The present invention relates to power amplifiers, such as the type used in wireless communications, and more particularly relates to determining and implementing a predistorting adjustment of a signal prior to amplification by a power amplifier for the purpose of compensating for distortion introduced by the power amplifier.
Power amplifiers are widely used in telecommunications. For example, in wireless communication applications, power amplifiers are found in the last stage of transmitter circuits, where they are used to boost the power of a supplied signal to an acceptable level for transmission from an antenna. In addition, power amplifiers are often provided with an amplitude modulation (AM) function, which enables them to operate in accordance with non-constant envelope modulation schemes, such as those used in EDGE (Enhanced Data rates for GSM Evolution), Code Division Multiple Access (CDMA), Wideband CDMA (WCDMA), and the like. Even when constant amplitude modulation schemes are being used, the AM functionality of a power amplifier may be applied for power control when the transmission is performed in time slots, such as occurs in time division multiple access (TDMA) systems, of which the Global System for Mobile communications (GSM) and EDGE are but two such examples.

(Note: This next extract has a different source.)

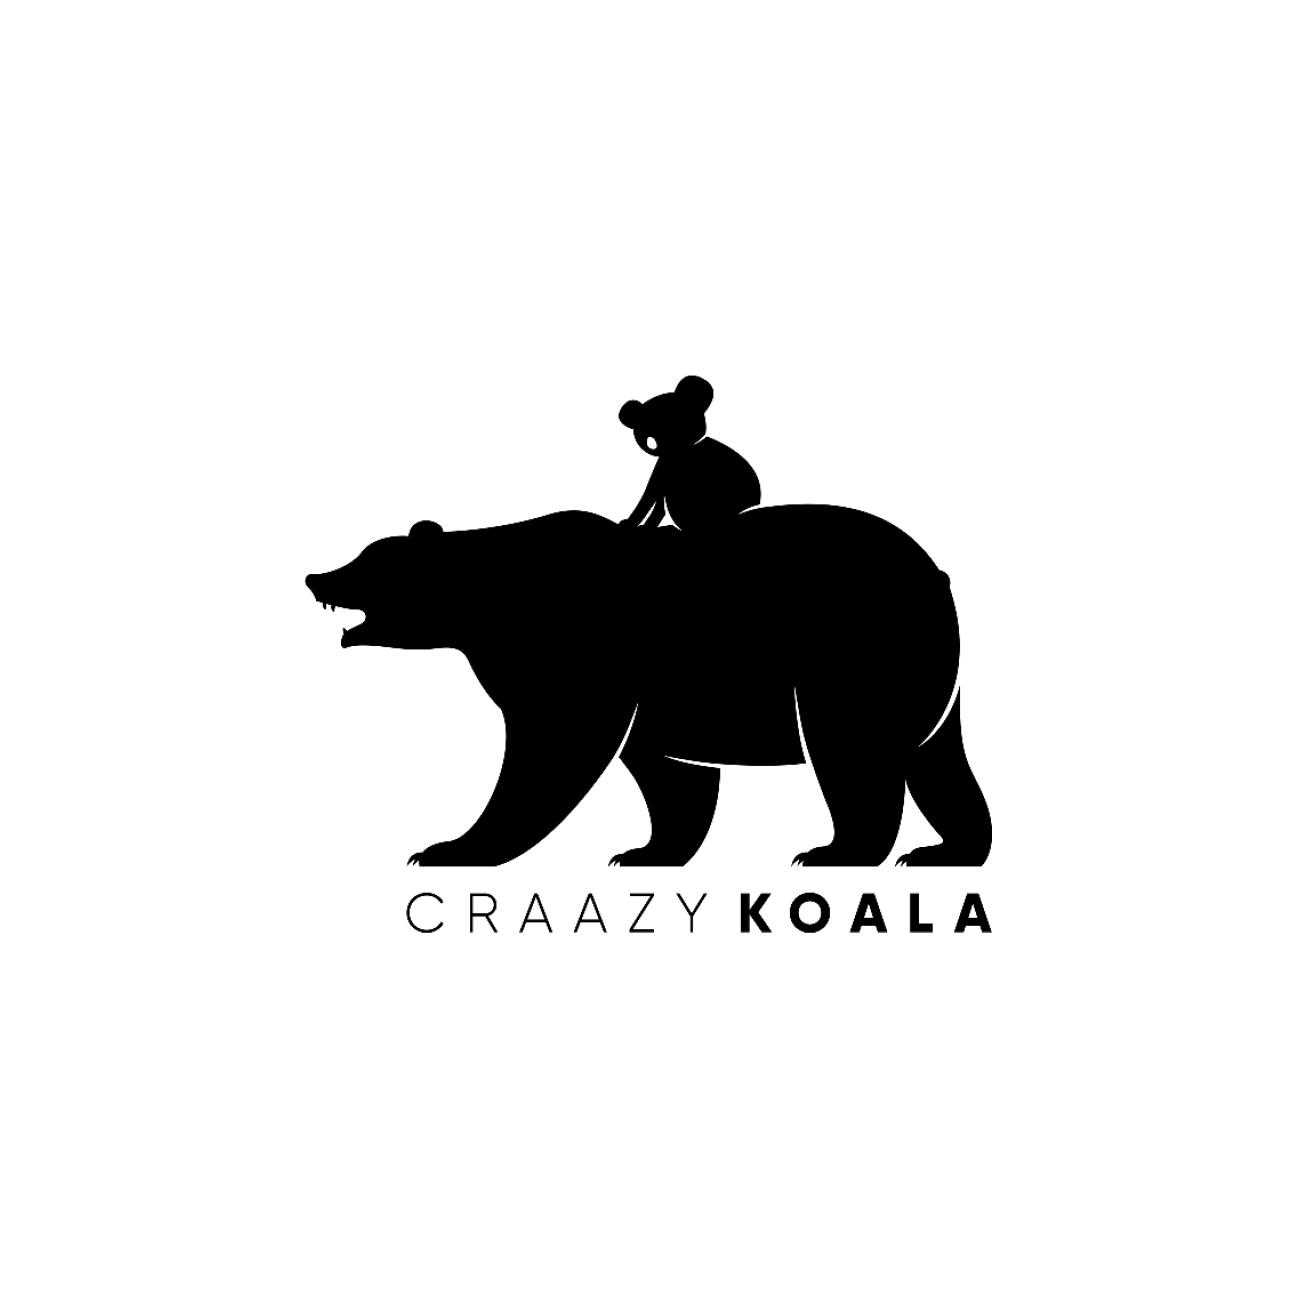 logo_design_3.jpg

One problem with using commercially available power amplifiers in applications such mobile communications is that they typically exhibit distortion. For example, consider a reference input (called AMref) that is an intermediate frequency (IF) signal representing the envelope (AM) of a radio frequency (RF) signal to be modulated in any of a number of modulation schemes. Ideally, supplying AM ref to the AM input of a power amplifier will produce an RF AM signal at the output of the power amplifier without distortion. In practice, however, there is distortion generated in the power amplifier: AMref to Phase Modulation distortion (PMdist) and AMref to AM. These types of distortion can be abbreviated as AM/PM and AM/AM, respectively.
In communications applications where information is encoded in the phase and/or amplitude of the signal, the added distortion can cause serious errors to occur when the receiver attempts to extract the intended information. To avoid this undesirable result, it is possible to adjust the signal prior to its amplification in a way that will cancel out the distortion known to be added by the power amplifier. This is called “predistorting” the signal, and the amount of amplitude and phase adjustment that needs to be applied for this purpose is called “predistortion.”

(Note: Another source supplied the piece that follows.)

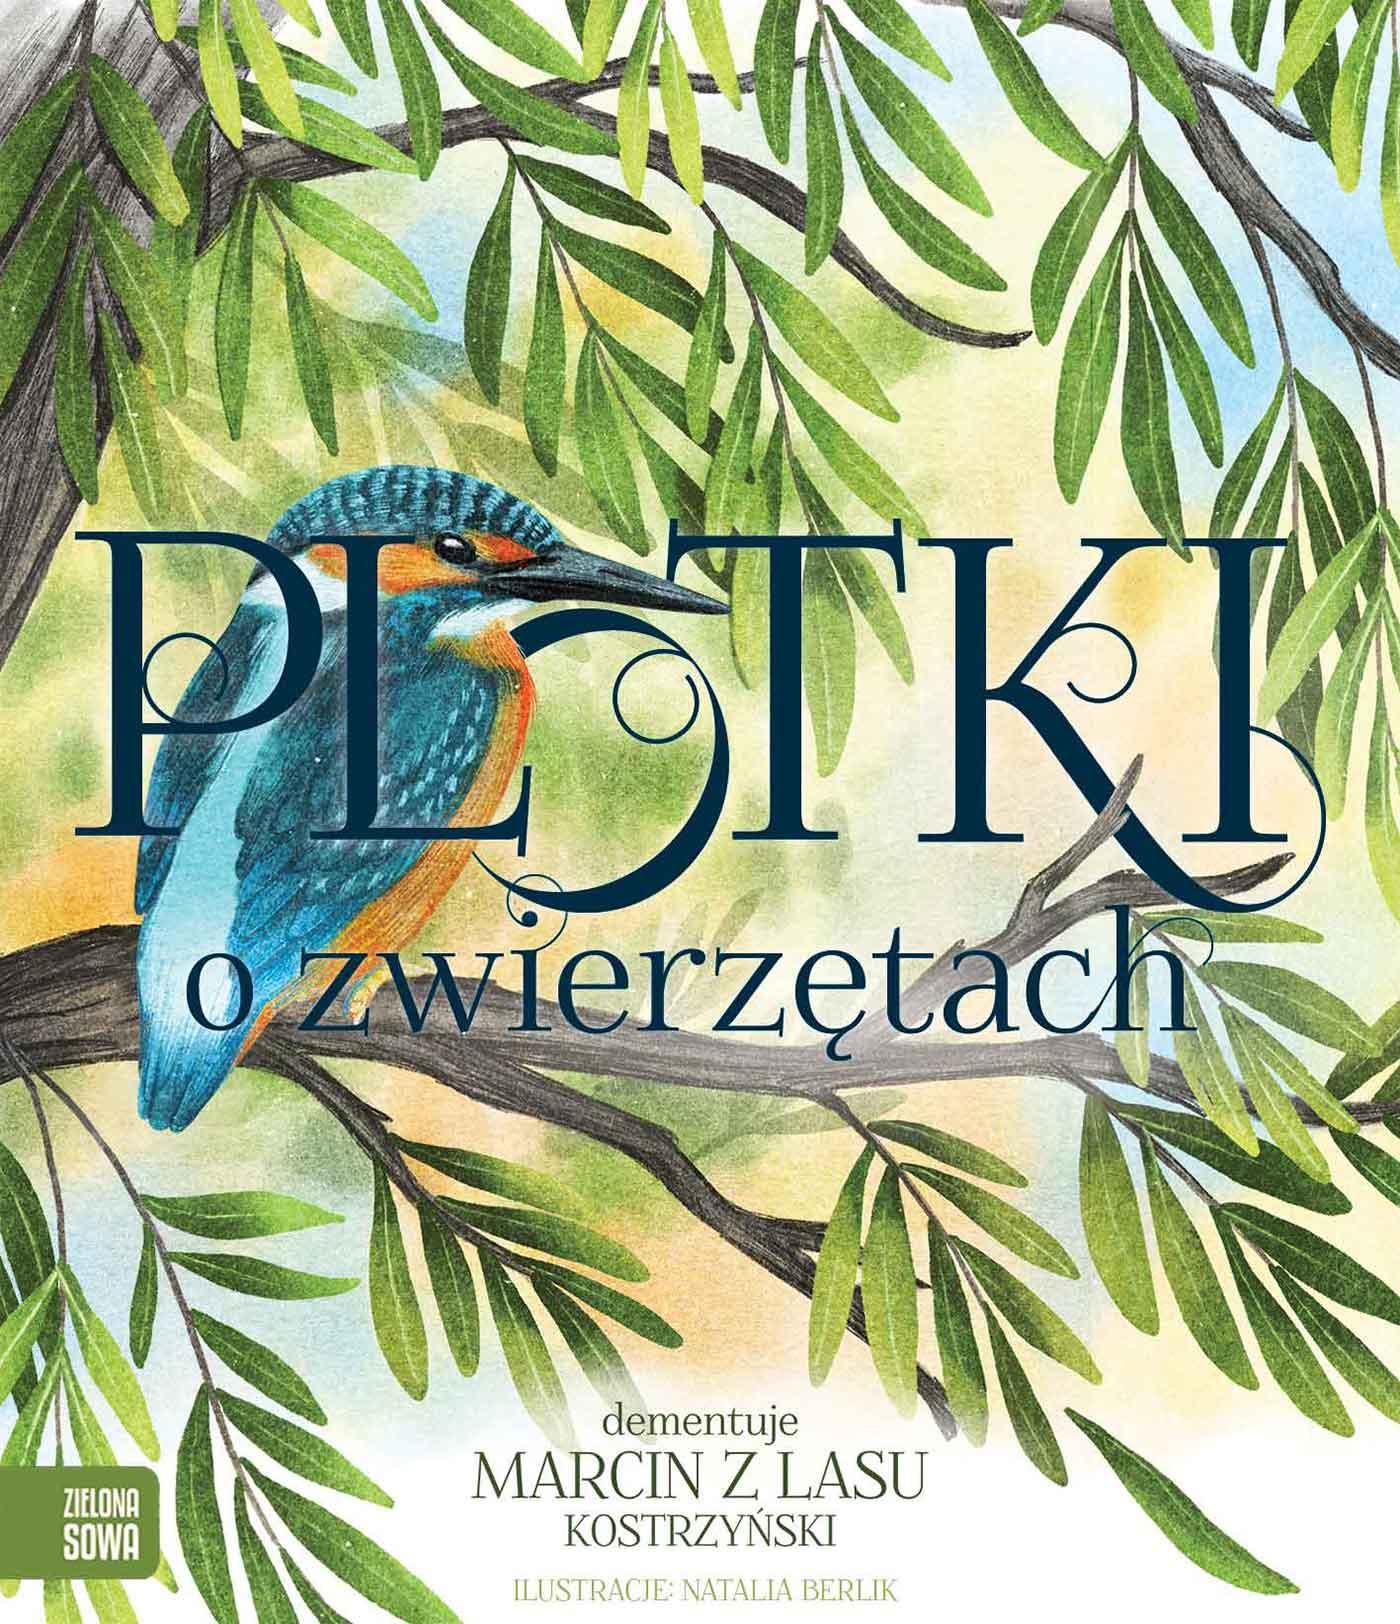 Plotki o zwierzętach - kolejna książka Marcina z Lasu

It is possible to build a power amplifier having built-in predistortion, but since standard “off the shelf” components from different power amplifier vendors don't have this feature, the distortion usually has to be accounted/compensated for in other parts of the communication equipment.
It is possible to introduce predistortion in different ways to compensate for the distortion in the power amplifiers. An important aspect in this regard is that different samples of the same nominal power amplifier component will exhibit different AM/PM and AM/AM characteristics. Furthermore, the power amplifier-modulator will have varying AM/PM and AM/AM distortion over wide frequency bands. This means that different predistortion compensation is required for different power amplifiers and frequencies.
During manufacturing/production of a communications device, such as a mobile station (MS), different kinds of calibrations are made. It is desirable to have a calibration method for finding the power amplifier distortion and for applying the compensation (predistortion) needed. One way of finding the best predistortion values is to optimize the values by comparing a measured spectrum performance to an ideal spectrum performance. This type of analysis can be very time consuming though and a fast and accurate solution would be much more desirable. The problem is made even more difficult by the fact that the measurement data is also expected to be noisy, which slows the measurement process even further.
Most conventional predistortion algorithms are based on measurements of different figures of quality, such as Error Vector Modulation (EVM) and/or “spectrum due to modulation.” Consequently, an iterative process is then required for finding a predistortion that gives sufficiently good results. However, having to perform so many different types of measurements and then performing the necessary iterations for arriving at the acceptable results is very time consuming.
It is therefore desirable to have a calibration system for use in production of communication equipment that helps to 1) get excellent/robust performance of the communication equipment and 2) save time and money.